Mapping neuronal networks is a central focus in neuroscience. While volume electron microscopy (vEM) can reveal the fine structure of neuronal networks (connectomics), it does not provide molecular information to identify cell types or functions. We developed an approach that uses fluorescent single-chain variable fragments (scFvs) to perform multiplexed detergent-free immunolabeling and volumetric-correlated-light-and-electron-microscopy on the same sample. We generated eight fluorescent scFvs targeting brain markers. Six fluorescent probes were imaged in the cerebellum of a female mouse, using confocal microscopy with spectral unmixing, followed by vEM of the same sample. The results provide excellent ultrastructure superimposed with multiple fluorescence channels.

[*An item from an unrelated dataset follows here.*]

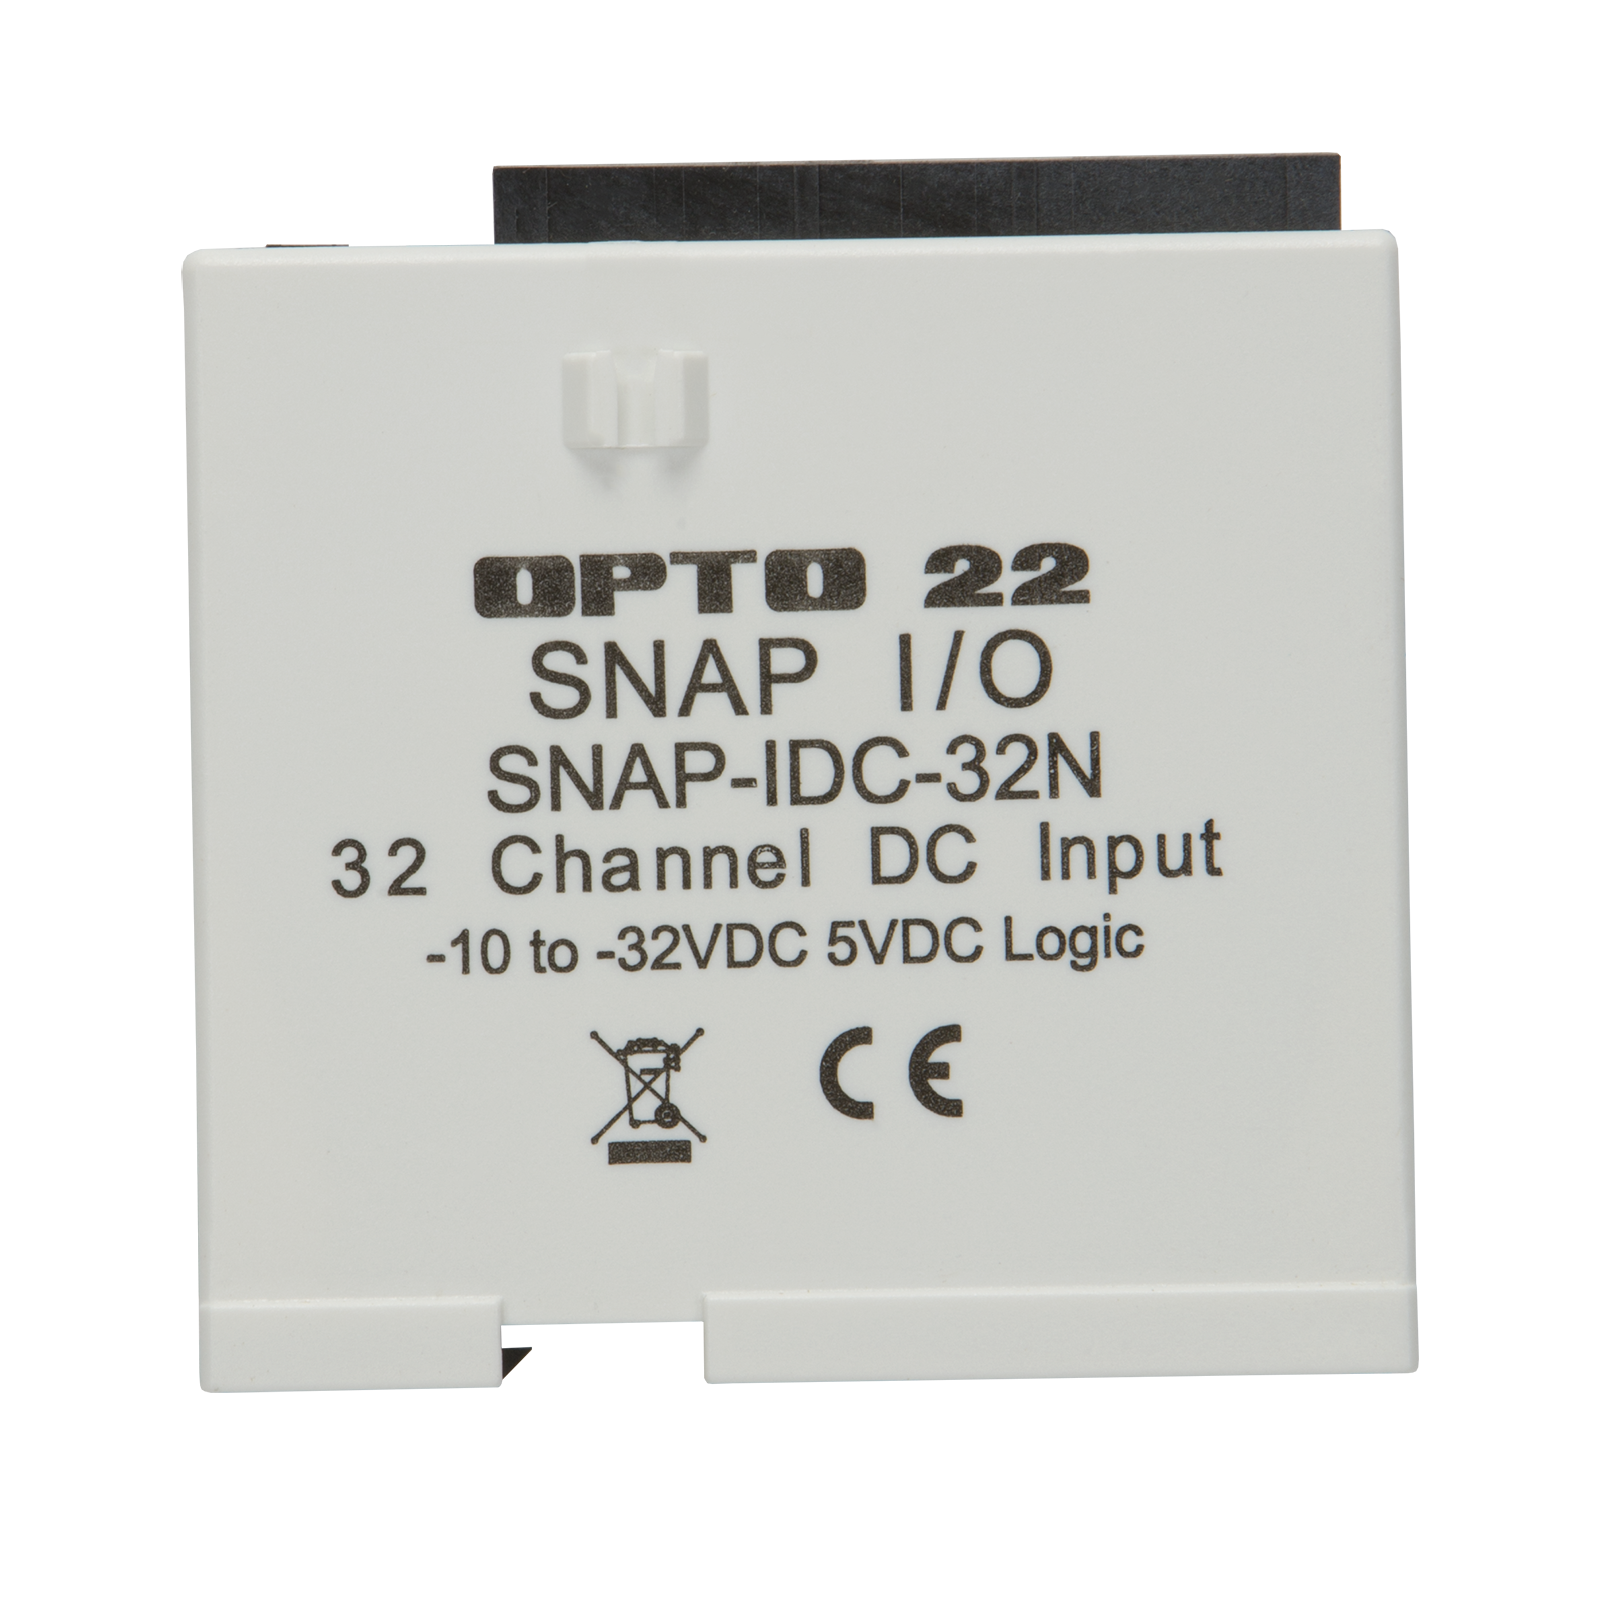 4-Channel Discrete Input Module Opto 22 SNAP-IDC5-FAST-A 18-32 VDC/VAC SNAP High-Speed Digital 
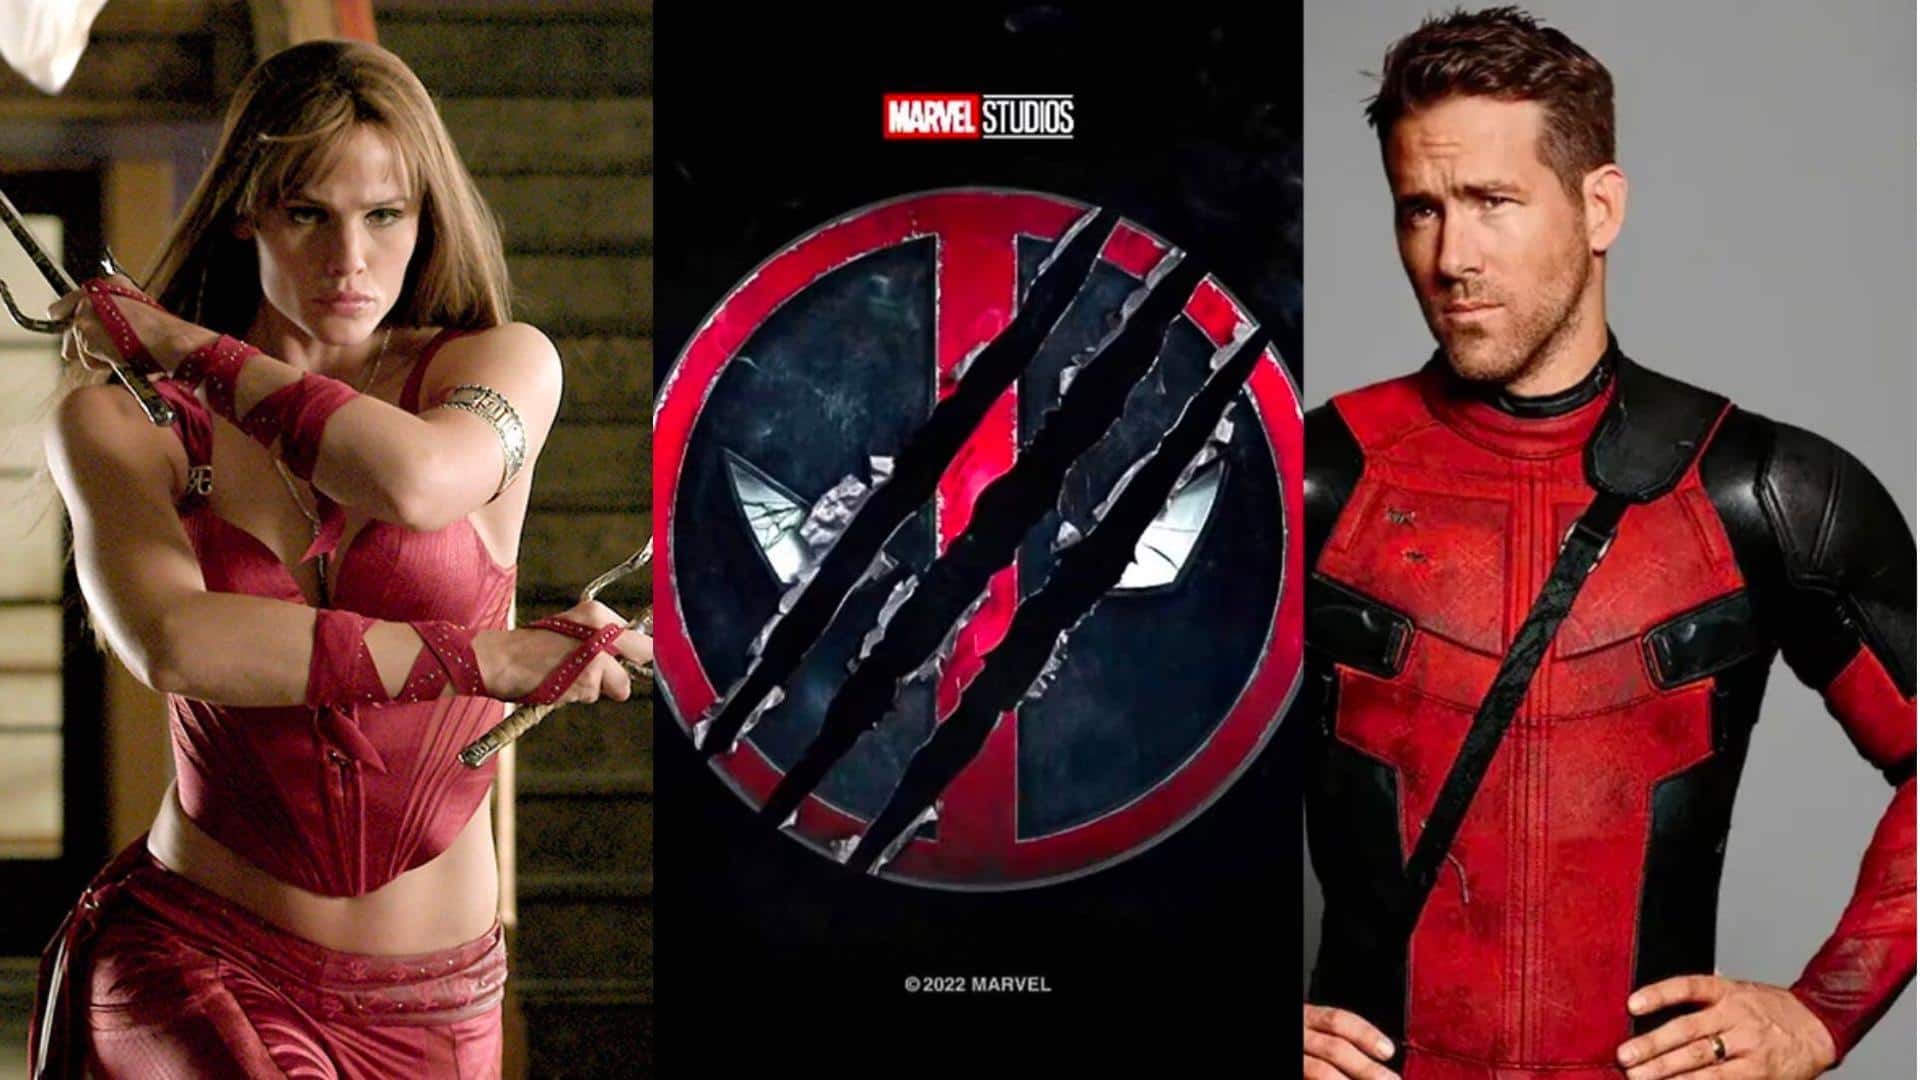 'Deadpool 3' casts Jennifer Garner: Every actor confirmed so far

Using this approach, we documented a poorly described cell type, two types of mossy fiber terminals, and the subcellular localization of one type of ion channel. Because scFvs can be derived from existing monoclonal antibodies, hundreds of such probes can be generated to enable molecular overlays for connectomic studies.

Suggested Citation

  • Xiaomeng Han & Xiaotang Lu & Peter H. Li & Shuohong Wang & Richard Schalek & Yaron Meirovitch & Zudi Lin & Jason Adhinarta & Karl D. Murray & Leah M. MacNiven & Daniel R. Berger & Yuelong Wu & Tao Fan, 2024. "Multiplexed volumetric CLEM enabled by scFvs provides insights into the cytology of cerebellar cortex," Nature Communications, Nature, vol. 15(1), pages 1-18, December.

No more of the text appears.